Records from a data collection:
******************************

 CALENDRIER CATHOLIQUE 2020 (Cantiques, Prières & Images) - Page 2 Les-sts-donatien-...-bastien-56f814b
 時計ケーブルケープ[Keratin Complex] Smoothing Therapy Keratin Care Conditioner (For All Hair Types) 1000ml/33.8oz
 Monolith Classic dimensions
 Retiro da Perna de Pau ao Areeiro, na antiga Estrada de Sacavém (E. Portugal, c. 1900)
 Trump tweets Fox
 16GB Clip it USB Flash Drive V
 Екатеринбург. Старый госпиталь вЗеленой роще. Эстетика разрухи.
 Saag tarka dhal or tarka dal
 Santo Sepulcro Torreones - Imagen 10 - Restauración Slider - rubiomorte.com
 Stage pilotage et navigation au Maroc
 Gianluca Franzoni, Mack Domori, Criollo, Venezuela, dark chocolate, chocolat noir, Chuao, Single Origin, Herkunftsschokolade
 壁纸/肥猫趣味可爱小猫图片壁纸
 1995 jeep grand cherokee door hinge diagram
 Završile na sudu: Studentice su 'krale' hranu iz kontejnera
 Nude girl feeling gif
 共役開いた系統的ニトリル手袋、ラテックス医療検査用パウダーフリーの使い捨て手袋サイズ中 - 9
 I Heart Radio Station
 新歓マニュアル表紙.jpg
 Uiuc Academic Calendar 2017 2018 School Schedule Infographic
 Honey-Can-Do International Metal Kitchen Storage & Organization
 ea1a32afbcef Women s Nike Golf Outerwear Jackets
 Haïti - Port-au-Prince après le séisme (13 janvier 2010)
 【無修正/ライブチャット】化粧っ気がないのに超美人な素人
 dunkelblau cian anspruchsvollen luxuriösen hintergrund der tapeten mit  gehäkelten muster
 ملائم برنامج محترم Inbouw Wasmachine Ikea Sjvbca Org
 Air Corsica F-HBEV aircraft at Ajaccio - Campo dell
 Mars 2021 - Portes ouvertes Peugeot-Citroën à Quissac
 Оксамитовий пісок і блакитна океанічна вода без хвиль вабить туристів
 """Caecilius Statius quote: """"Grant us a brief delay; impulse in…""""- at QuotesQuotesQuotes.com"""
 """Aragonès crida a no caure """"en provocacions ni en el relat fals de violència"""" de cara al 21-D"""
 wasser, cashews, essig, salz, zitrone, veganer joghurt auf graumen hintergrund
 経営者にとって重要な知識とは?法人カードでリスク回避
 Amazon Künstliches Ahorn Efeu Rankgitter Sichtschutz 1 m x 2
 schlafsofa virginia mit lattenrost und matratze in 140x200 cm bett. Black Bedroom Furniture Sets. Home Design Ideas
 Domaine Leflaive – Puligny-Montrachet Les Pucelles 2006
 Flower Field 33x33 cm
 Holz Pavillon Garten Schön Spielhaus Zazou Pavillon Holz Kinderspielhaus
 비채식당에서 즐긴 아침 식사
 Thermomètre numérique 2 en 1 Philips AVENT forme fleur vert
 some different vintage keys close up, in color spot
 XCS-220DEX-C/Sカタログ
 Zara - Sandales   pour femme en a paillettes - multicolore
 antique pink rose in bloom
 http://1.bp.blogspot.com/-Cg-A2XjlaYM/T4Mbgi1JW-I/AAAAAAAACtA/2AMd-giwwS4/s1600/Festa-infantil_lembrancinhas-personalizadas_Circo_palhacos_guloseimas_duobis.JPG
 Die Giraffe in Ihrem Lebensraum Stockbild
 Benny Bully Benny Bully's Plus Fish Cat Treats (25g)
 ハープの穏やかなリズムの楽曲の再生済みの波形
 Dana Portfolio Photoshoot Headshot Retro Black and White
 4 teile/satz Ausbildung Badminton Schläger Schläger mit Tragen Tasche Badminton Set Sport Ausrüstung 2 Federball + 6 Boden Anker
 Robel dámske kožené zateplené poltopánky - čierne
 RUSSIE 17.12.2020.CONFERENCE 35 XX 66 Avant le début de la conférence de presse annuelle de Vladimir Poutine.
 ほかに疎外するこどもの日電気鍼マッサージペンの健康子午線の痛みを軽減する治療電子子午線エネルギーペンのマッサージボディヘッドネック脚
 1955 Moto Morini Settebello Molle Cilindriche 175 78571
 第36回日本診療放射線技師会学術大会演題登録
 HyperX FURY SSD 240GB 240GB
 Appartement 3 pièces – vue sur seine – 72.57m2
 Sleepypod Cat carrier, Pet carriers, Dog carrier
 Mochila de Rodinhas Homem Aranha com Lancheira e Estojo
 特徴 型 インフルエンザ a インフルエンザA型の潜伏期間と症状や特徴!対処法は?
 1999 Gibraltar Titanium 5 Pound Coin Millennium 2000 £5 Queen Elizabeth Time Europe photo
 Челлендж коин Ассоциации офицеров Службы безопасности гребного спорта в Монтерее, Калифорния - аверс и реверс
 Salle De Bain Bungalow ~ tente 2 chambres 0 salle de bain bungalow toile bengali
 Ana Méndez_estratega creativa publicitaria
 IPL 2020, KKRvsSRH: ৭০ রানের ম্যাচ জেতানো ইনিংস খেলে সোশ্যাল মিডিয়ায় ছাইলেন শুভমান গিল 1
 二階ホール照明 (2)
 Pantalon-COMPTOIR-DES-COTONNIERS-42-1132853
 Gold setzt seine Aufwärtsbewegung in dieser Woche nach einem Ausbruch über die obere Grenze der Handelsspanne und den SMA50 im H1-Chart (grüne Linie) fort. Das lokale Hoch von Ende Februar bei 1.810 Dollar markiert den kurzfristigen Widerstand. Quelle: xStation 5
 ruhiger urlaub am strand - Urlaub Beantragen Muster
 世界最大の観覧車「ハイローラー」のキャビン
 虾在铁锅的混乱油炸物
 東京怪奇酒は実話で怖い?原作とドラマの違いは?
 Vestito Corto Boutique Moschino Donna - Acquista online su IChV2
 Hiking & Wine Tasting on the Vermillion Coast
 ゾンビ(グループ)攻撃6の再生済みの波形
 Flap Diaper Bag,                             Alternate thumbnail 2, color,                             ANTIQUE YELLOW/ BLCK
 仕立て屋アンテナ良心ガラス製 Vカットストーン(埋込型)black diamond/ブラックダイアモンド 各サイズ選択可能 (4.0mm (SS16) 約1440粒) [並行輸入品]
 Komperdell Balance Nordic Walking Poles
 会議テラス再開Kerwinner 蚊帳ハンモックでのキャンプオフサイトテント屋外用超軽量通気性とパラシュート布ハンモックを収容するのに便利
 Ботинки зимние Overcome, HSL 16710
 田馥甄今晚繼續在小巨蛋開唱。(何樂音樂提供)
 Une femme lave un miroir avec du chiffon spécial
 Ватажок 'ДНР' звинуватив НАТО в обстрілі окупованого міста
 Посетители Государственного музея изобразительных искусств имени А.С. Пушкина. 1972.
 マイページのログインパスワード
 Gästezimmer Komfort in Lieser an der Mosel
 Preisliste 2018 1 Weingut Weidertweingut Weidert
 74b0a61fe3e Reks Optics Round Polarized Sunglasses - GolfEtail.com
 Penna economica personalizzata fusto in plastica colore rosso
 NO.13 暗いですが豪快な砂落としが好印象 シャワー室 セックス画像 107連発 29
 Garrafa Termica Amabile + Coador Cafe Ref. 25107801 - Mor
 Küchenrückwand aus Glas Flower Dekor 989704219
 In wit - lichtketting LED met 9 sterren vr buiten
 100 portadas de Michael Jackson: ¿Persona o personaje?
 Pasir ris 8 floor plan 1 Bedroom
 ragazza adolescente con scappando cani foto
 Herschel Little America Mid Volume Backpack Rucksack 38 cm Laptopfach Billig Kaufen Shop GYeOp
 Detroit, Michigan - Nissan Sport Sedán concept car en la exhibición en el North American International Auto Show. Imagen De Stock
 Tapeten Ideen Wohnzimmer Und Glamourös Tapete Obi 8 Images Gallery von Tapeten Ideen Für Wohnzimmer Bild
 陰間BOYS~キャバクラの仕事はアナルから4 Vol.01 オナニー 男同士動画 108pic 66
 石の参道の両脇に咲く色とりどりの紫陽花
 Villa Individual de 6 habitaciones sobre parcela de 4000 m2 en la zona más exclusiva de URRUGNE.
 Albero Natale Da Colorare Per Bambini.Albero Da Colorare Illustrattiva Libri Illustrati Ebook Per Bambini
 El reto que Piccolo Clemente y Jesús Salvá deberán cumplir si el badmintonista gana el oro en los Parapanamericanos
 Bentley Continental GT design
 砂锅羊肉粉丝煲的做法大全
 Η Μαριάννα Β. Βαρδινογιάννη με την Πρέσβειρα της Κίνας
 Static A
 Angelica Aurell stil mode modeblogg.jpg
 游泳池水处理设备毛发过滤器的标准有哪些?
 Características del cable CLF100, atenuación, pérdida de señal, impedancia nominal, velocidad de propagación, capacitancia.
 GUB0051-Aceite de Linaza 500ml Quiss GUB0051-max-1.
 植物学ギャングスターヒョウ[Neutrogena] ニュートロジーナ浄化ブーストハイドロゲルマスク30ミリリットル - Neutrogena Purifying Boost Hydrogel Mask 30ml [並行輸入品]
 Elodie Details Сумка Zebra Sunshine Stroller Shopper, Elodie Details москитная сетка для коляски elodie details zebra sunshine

******************************

### TASK BRIEF
When a line in the data contains the string "seine", copy that line.

### RESPONSE
 Appartement 3 pièces – vue sur seine – 72.57m2
 Gold setzt seine Aufwärtsbewegung in dieser Woche nach einem Ausbruch über die obere Grenze der Handelsspanne und den SMA50 im H1-Chart (grüne Linie) fort. Das lokale Hoch von Ende Februar bei 1.810 Dollar markiert den kurzfristigen Widerstand. Quelle: xStation 5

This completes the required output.